INSTRUCTIONS TO FOLLOW
Beginning with the line containing "The boots in" and ending with the line containing "Metal fender, green", write out each line of the records below exactly; pictures and lines outside that range are left out.

RAW DATA
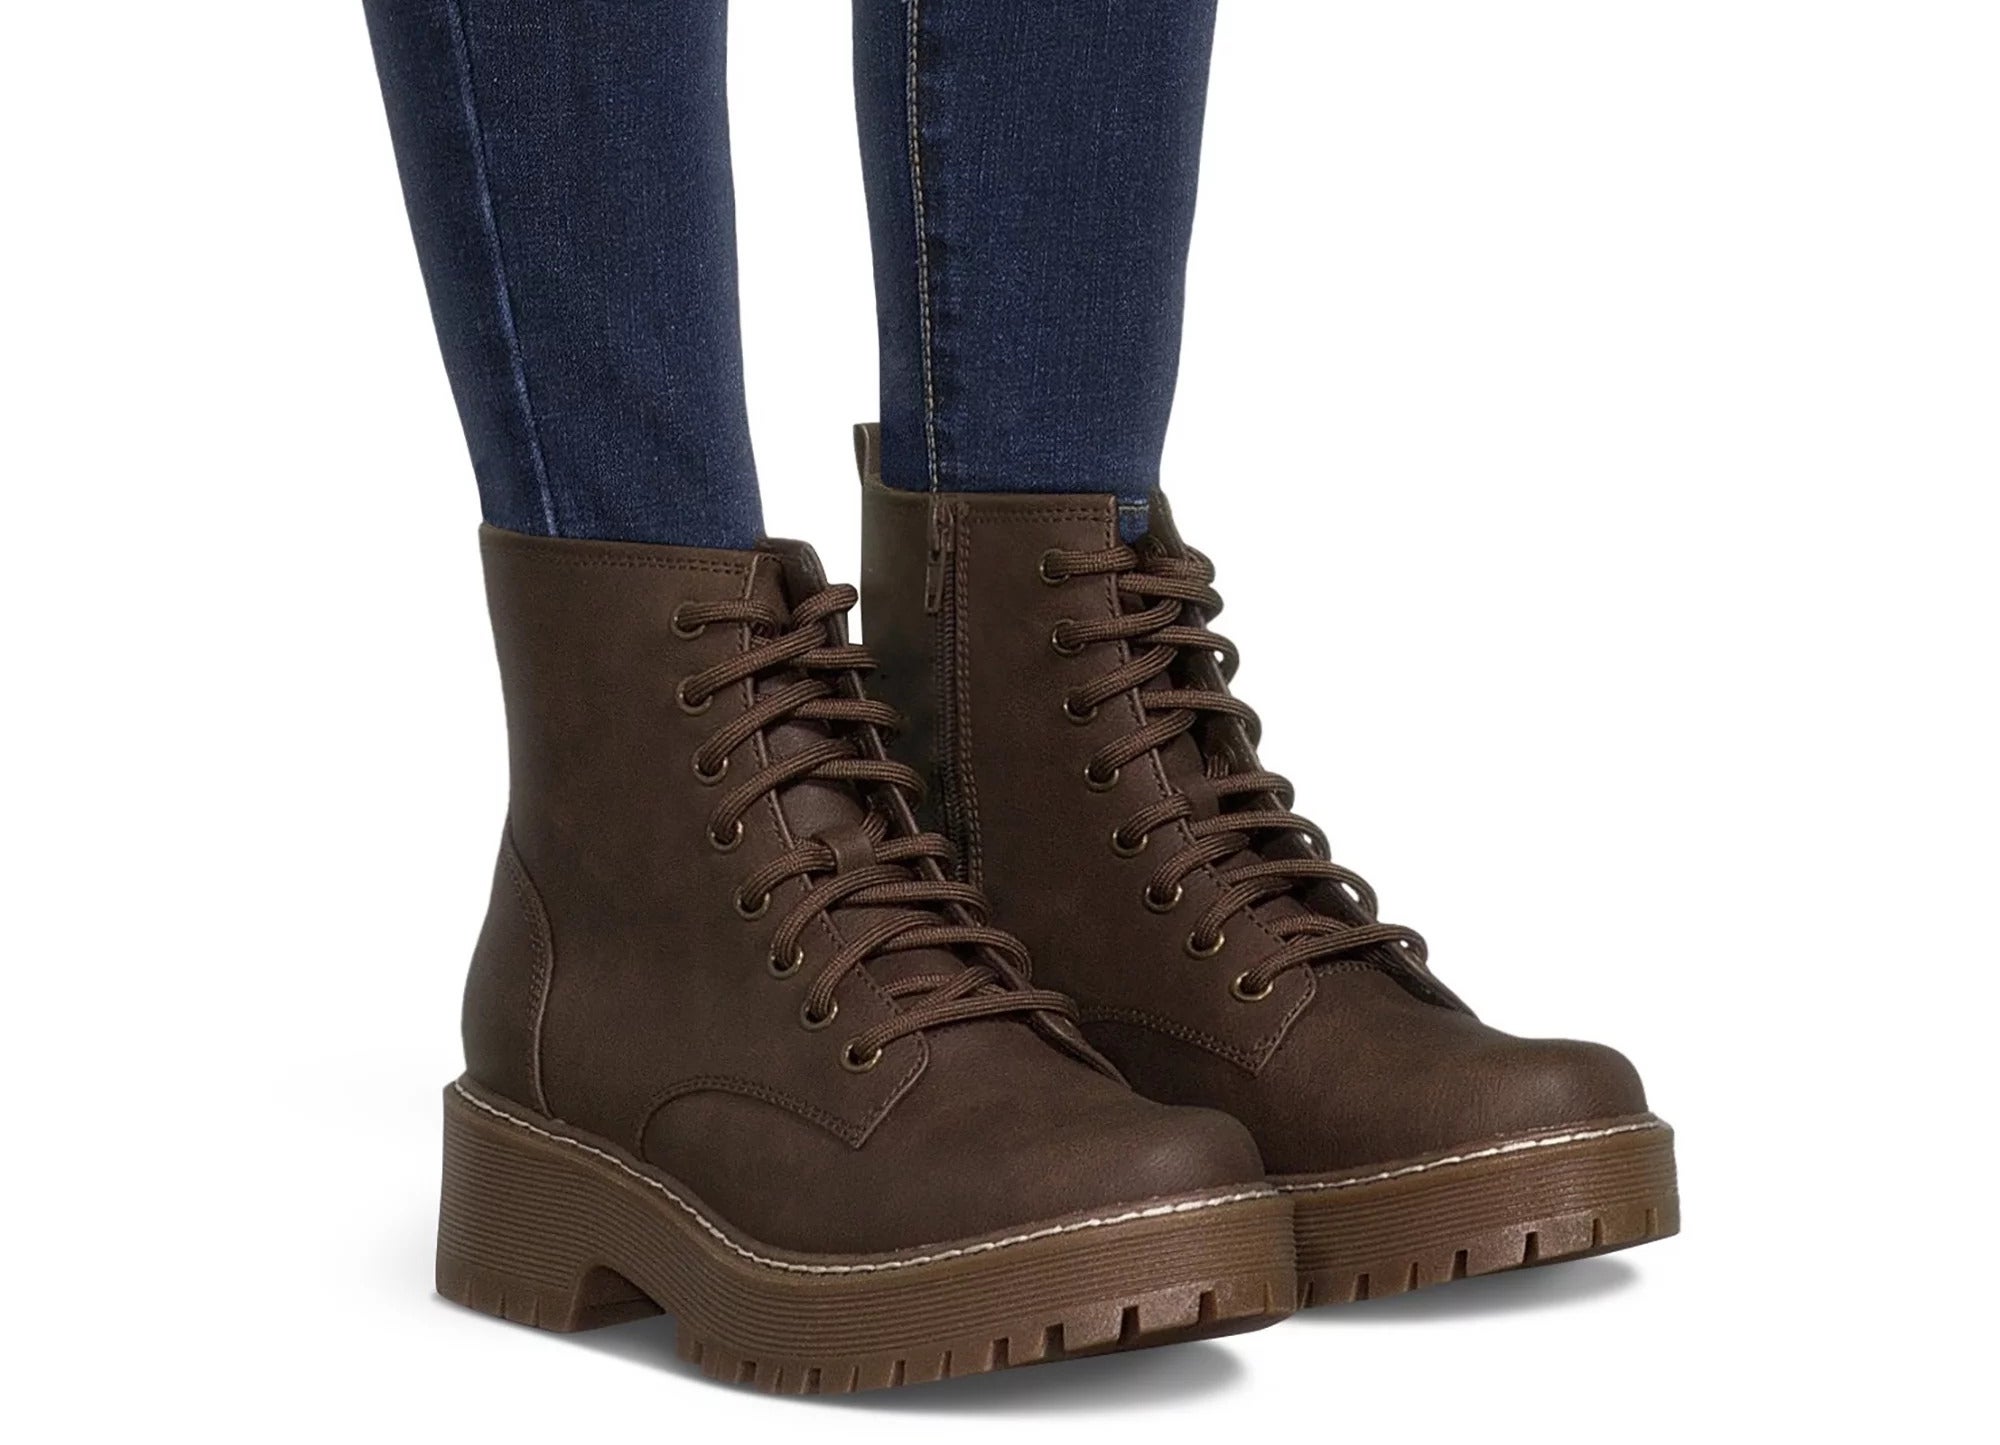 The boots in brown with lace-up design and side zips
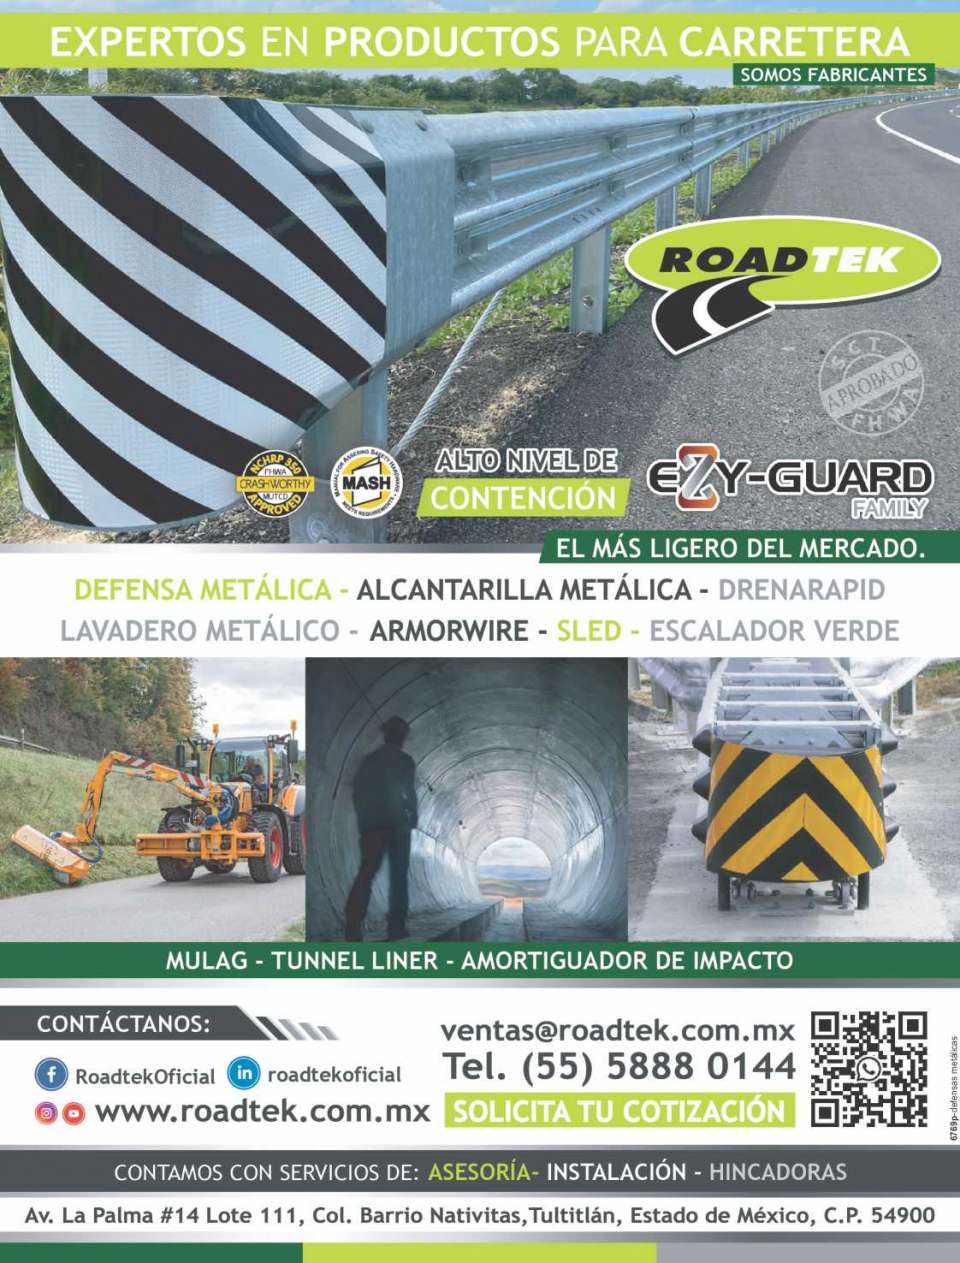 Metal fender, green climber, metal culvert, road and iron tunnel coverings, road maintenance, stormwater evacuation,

...

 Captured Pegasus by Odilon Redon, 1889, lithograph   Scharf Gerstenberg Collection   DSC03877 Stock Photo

---

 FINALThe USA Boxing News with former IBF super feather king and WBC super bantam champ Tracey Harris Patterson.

RESPONSE BOX
 The boots in brown with lace-up design and side zips
 Metal fender, green climber, metal culvert, road and iron tunnel coverings, road maintenance, stormwater evacuation,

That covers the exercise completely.